Amba Salelkar, a Chennai-based lawyer who works on disability rights, said that any ground for abortion on the grounds of disability, either of the mother or the foetus, is problematic. The MTP Act allows abortion at any stage in the pregnancy on eugenic grounds, meaning in case of detected foetal anomalies.
“Abortion laws should be agnostic to any kind of reasoning. The choice of the woman should be paramount,” Salekar said, referring to the Nairobi Principles on Abortion, Prenatal Testing and Disability.
Salelkar said that this particular case is concerning because the state barely supports pregnant women suffering from psychosocial distress.
“The women who suffer psychosocial distress are at risk of losing custody of their children, if their partners decide to proceed against them,” Salelkar pointed out. “Their children can be declared children in need of care and protection under the Juvenile Justice Law. The court should have also considered the impact on her living children.”
In its 2022 guidelines, the WHO said that abortion should be “fully decriminalised” and that any ground-based approaches, gestational age limits, third-party authorisations and provider restrictions should be removed.
The case under review begs the question: Why was no exception made for this Delhi woman, especially when in so many cases, abortion was granted at late-term pregnancy?
Asked why the state had supported abortion in some other cases, Asthana said, "The circumstances of those cases were different. It was either a case of pregnancy resulting from sexual assault or foetal abnormality."

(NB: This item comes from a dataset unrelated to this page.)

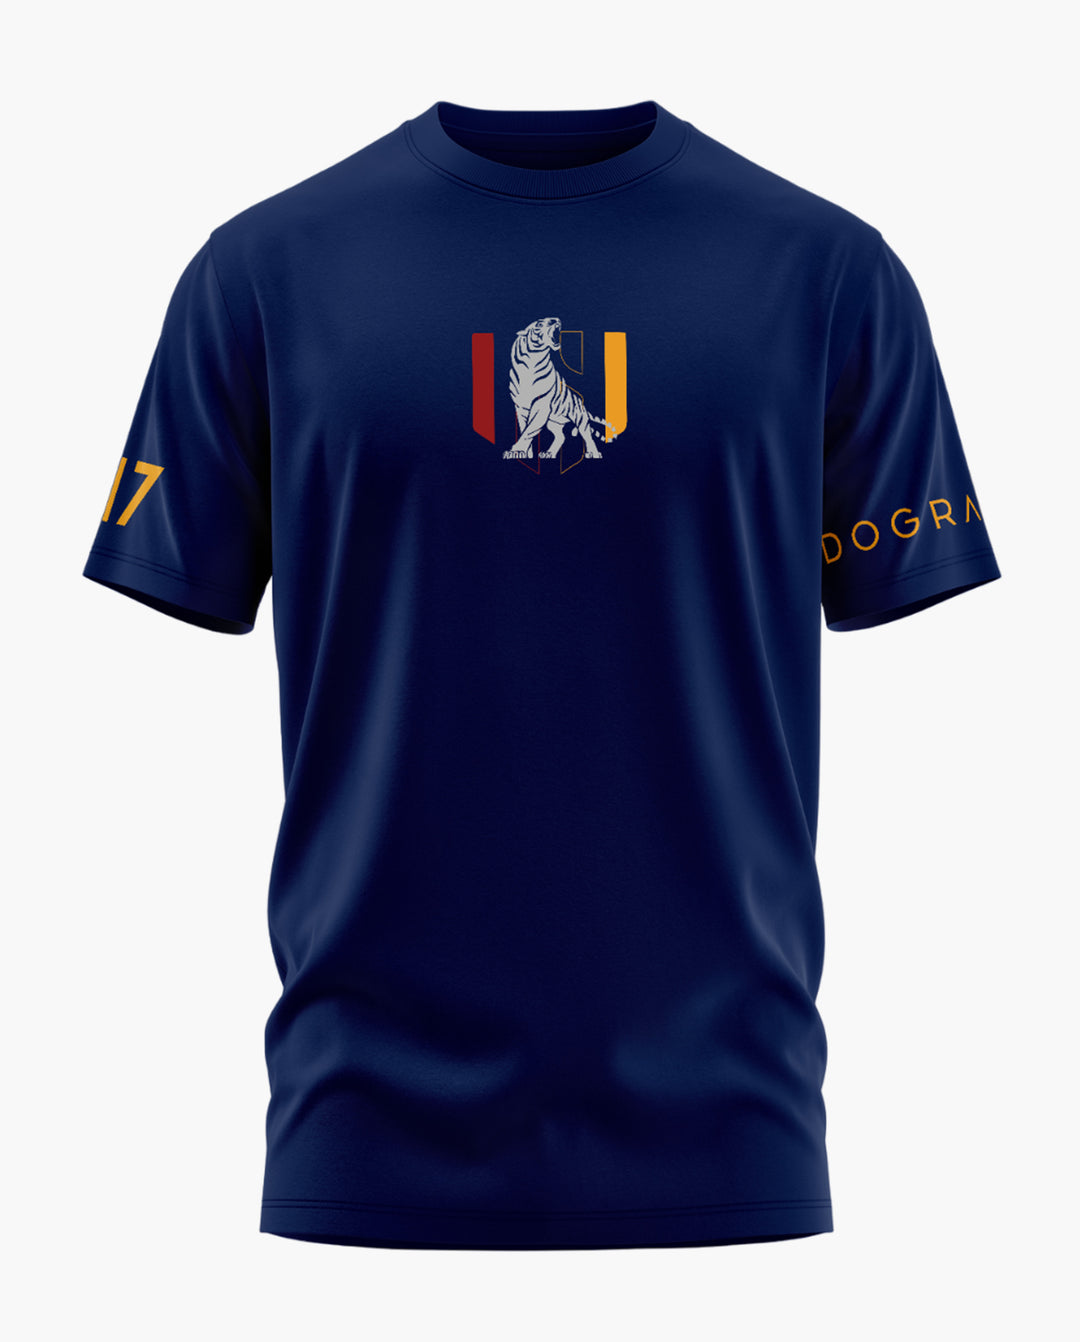 17TH DOGRA REGIMENT T-Shirt

Jain of Jindal Global Law School points out that this new judgement has taken away all discretion from the courts after 24 weeks of pregnancy.
The inconsistency around abortion jurisprudence is coming from what constitutes “good” and “bad” abortions, argued Jain. “Some abortions are considered justifiable in cases of rape cases, or foetal anomalies, or when the person involved in a minor. If the person coming to court is an ideal victim, the court is more likely to grant abortion. This woman did not fit the category.”
Lawyer Mishra said that his client was being discriminated against because she was a married woman. “Say she was not a married woman but a rape victim or single or disabled, she would have got a favourable order.”